Не лучше были условия проживания в так называемом «каменном коридоре» или просто в «каменном» - двухэтажном кирпичном здании, построенном вслед за «фабричным». В отдельных крошечных комнатушках - «каморках» ютились семьи рабочих фабрики. Дети спали на полу, а родители отсыпались на кровати по очереди, так как зачастую работали в разных сменах. И в «фабричном», и в «каменном» рано утром по коридорам ходил дежурный - «хожалый» и громко кричал: «Вставай, смена, на работу!»
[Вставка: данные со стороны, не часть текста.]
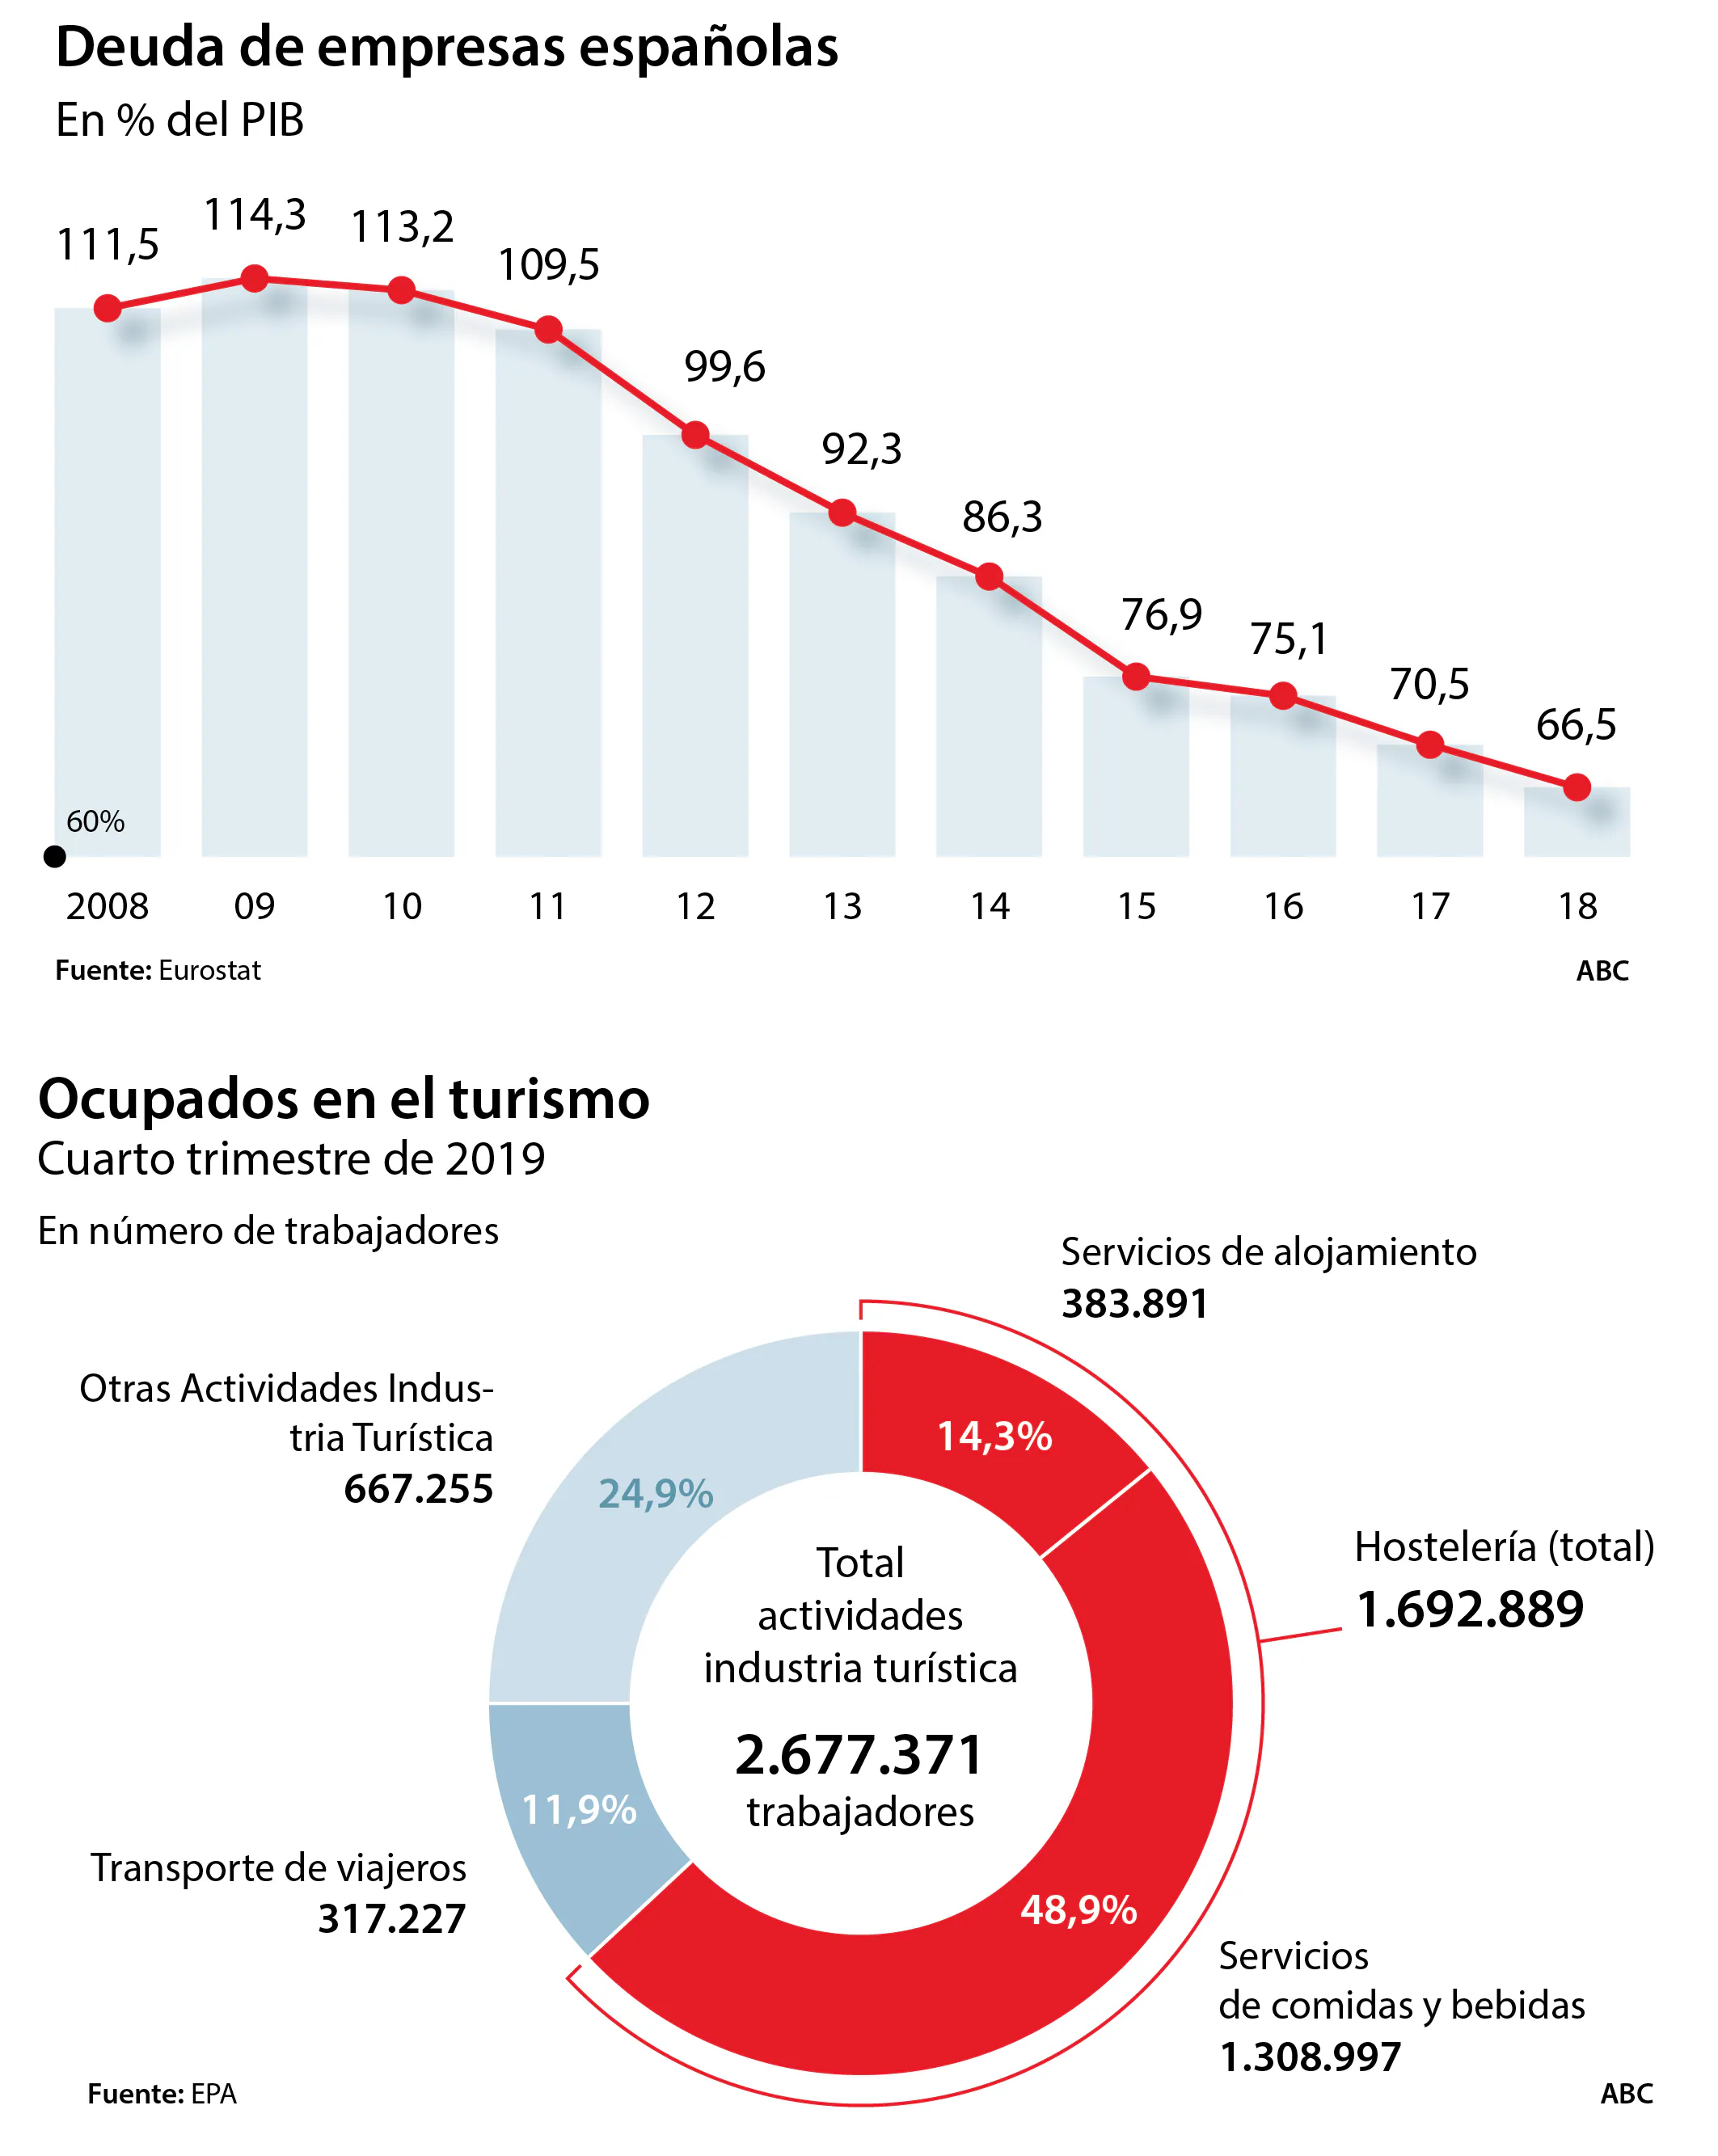 La economía española, paciente de riesgo: turismo, pymes y alta temporalidad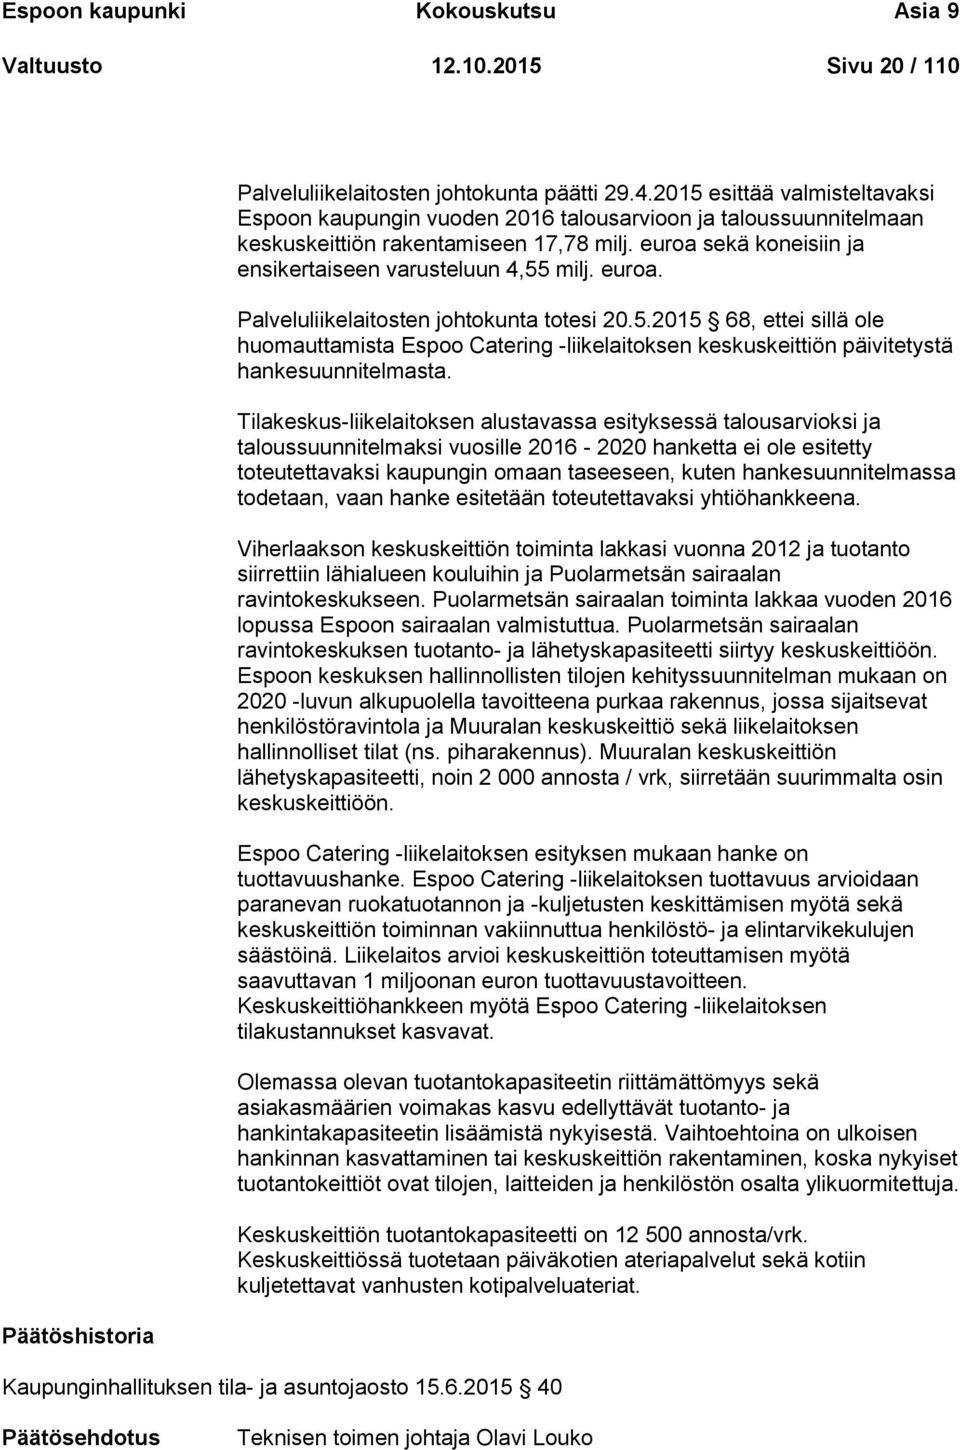 euroa. Palveluliikelaitosten johtokunta totesi 20.5.2015 68, ettei sillä ole huomauttamista Espoo Catering -liikelaitoksen keskuskeittiön päivitetystä hankesuunnitelmasta.

Условия жизни рабочих были невыносимо тяжёлыми. Рабочий день на фабрике для мужчин был установлен 12 часов, для женщин 10 часов. При чем эти часы разбивались на две части. Женщины начинали работать с 4 часов и дo 9 часов, с 9 часов приступали мужчины и работали до 15 часов, с 15 часов снова приступали женщины и работали до 20 часов, с 20 часов приступали снова мужчины и работали до 2 часов, но если были сверхурочные, то работали больше. Заработная плата женщин была ниже мужчин, так если мужчине платили 30 копеек за кусок, то женщине платили 25 коп. Но это не значит, что рабочие получат свой заработок. При получке оказывалось, что с них удержали за брак. За брак брали от 10 коп. до 25 коп. Если женщина за смену наткала кусок, за который она должна получить 25 коп., а тут вдруг с нее вычтут 20 коп. или 25 коп. за брак и работница в итоге целую смену проработала бесплатно. Хозяин получал огромную прибыль от штрафов. Штрафовали не только за брак, но и за все, что можно было штрафовать. Для прикрытия злоупотреблений со штрафами хозяин говорил, что штрафной капитал идет на пенсии старикам, тогда как старики не только не получали пенсии, но их даже выселяли с квартиры, и только благодаря вмешательству рабочих их удавалось спасти от выселения. Если и выдавались пенсии, то только тем, кто получал увечье на фабрике, а увечье было частым явлением благодаря плохой техники безопасности. Тратить свои деньги на охрану здоровья фабрикант не хотел, а перекладывал это на плечи рабочих.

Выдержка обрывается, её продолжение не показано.